I think we should leave open at this point what should happen if a SODA
service is called with an ID only.  While people have suggested it
should return some sort of "self-description", I'd say it doesn't make
sense to replicate what datalink already does (to at least my
close-to-perfect satisfaction), and I don't think it makes much
sense to run both SODA and datalink on the same endpoint (in which case
you'd have that behaviour already).  

After these considerations, my services just return the full dataset
when you just pass in ID, which I think is the behaviour one would
naively expect ("no constraints).  But we might still find that's
actually not such a good idea.

Hence, I'd say we explicitly say "This is undefined behaviour at this
point.  Clients must not have any expectations as to what is returned."
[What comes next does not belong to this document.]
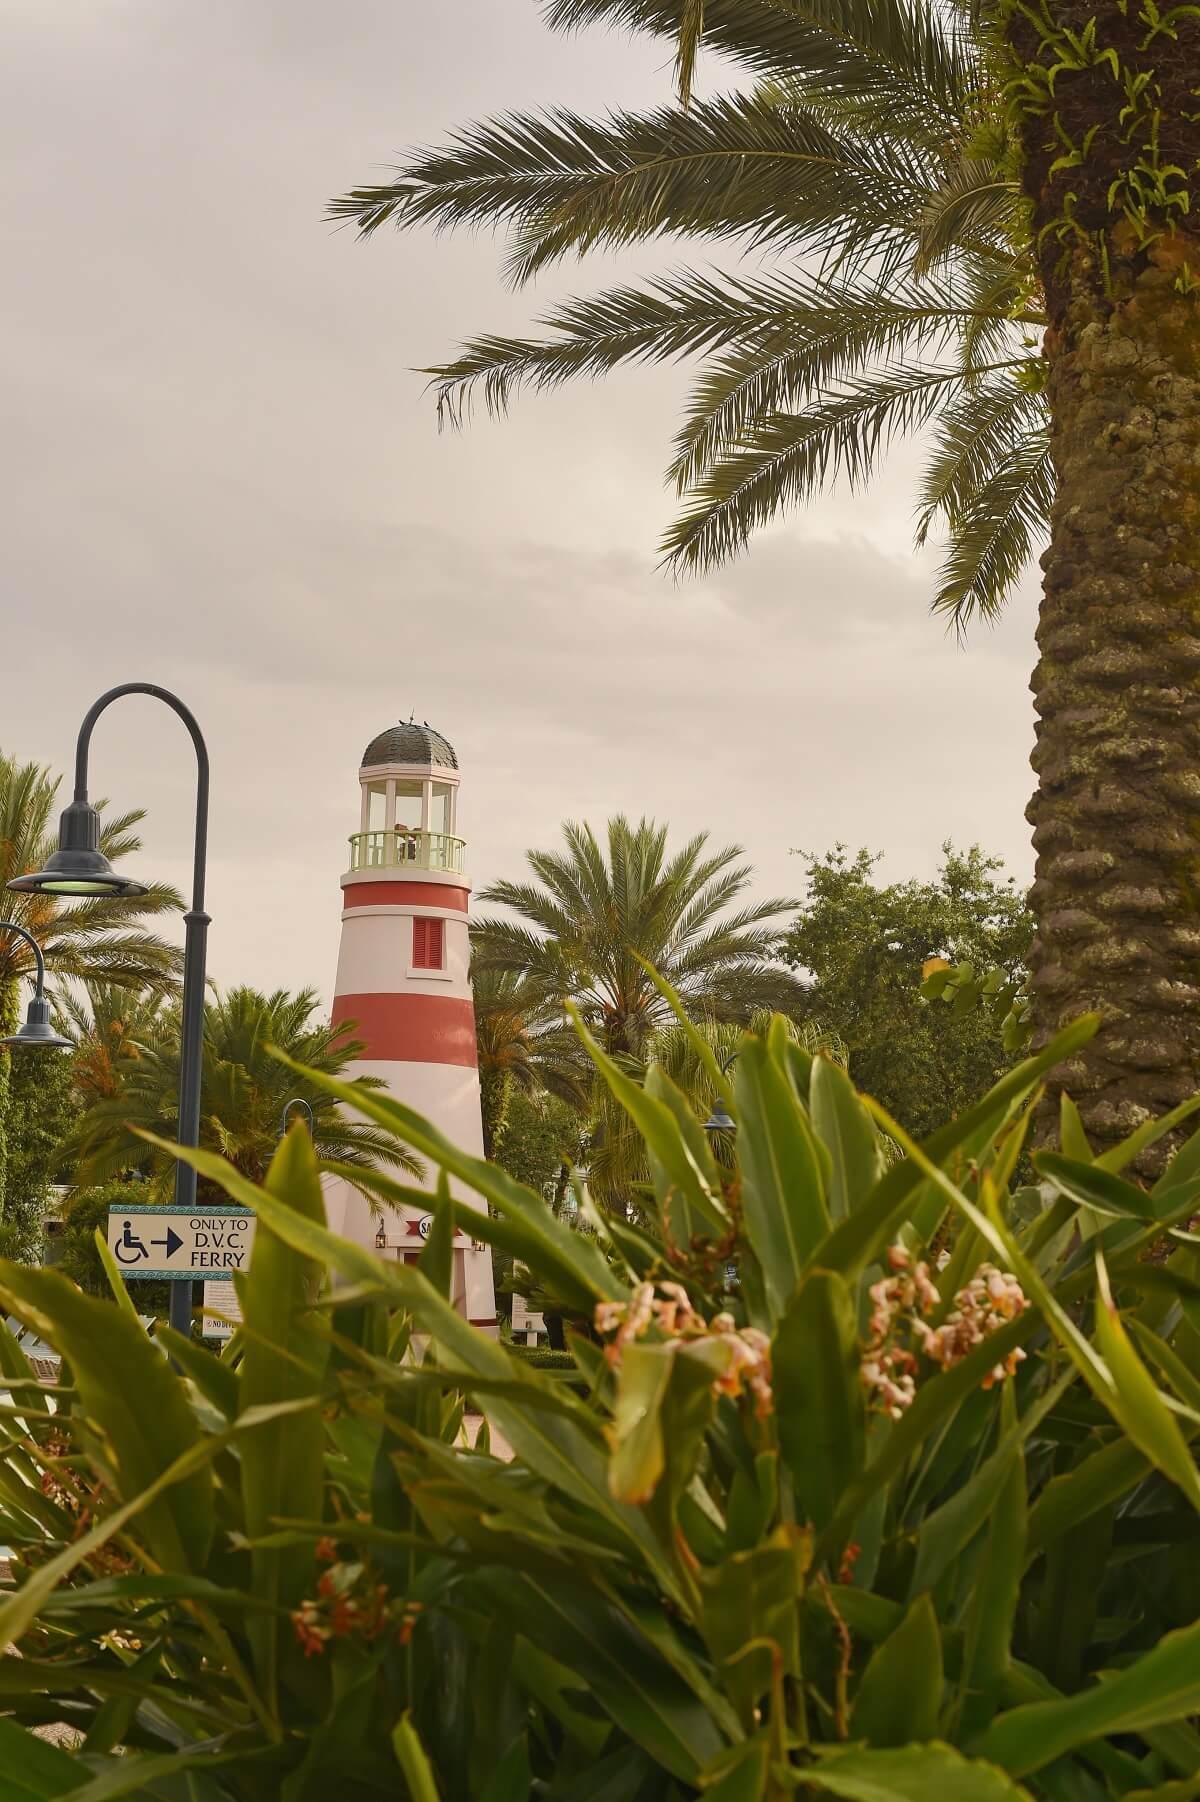 Guide To Disney S Old Key West Resort Dvc Resale Market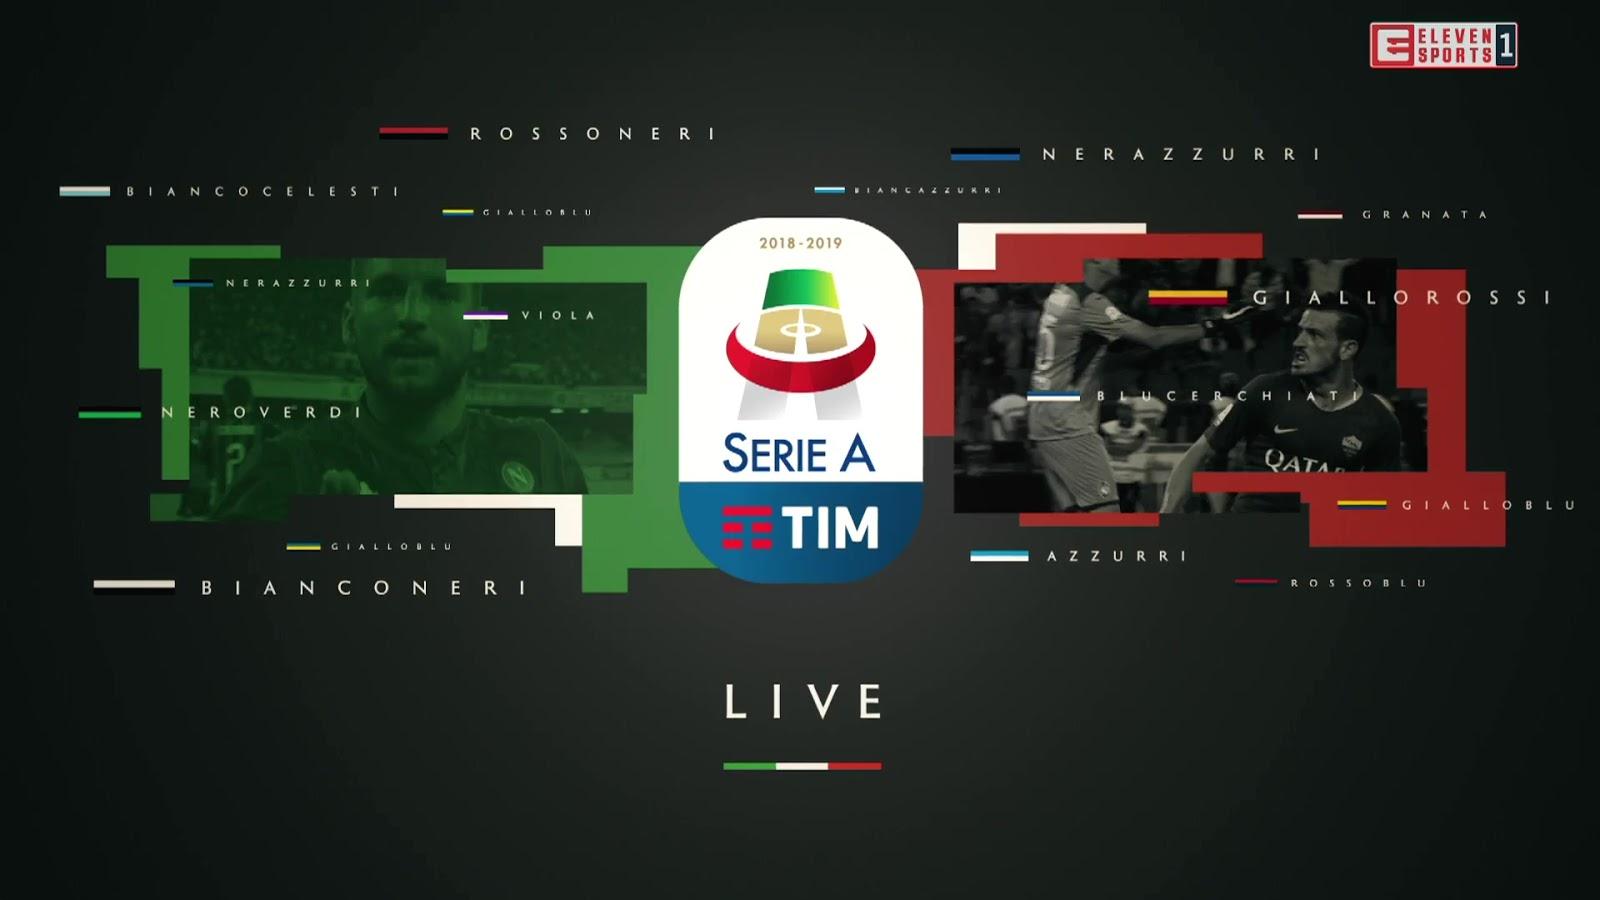 Serie A 18/19 - Matchday 7 - Juventus vs Napoli - 29/09/2018

Same thing for requests missing all parameters.  I doubt there's
something smart we can do with that, but who knows?  Let's just keep it
undefined for now.

So -- that's it from me.  There's nothing else really relevant up my
sleeve on SODA.

Ain't that nice?

       -- Markus

[1] There's another technicality: client-side XSLT plus DOM operations
plus javascript is a mixture which current browsers tend to be a bit
buggy with.  It's  bit like in the 90ies with Javascript only.  I
therefore do server-side XSLT right now if I guess a Datalink request
comes from a browser.  I think with a bit of experimentation and
restriction to known-good parts we can push XSLT to the client again,
but I'll invest that work only if I know others will re-use the result.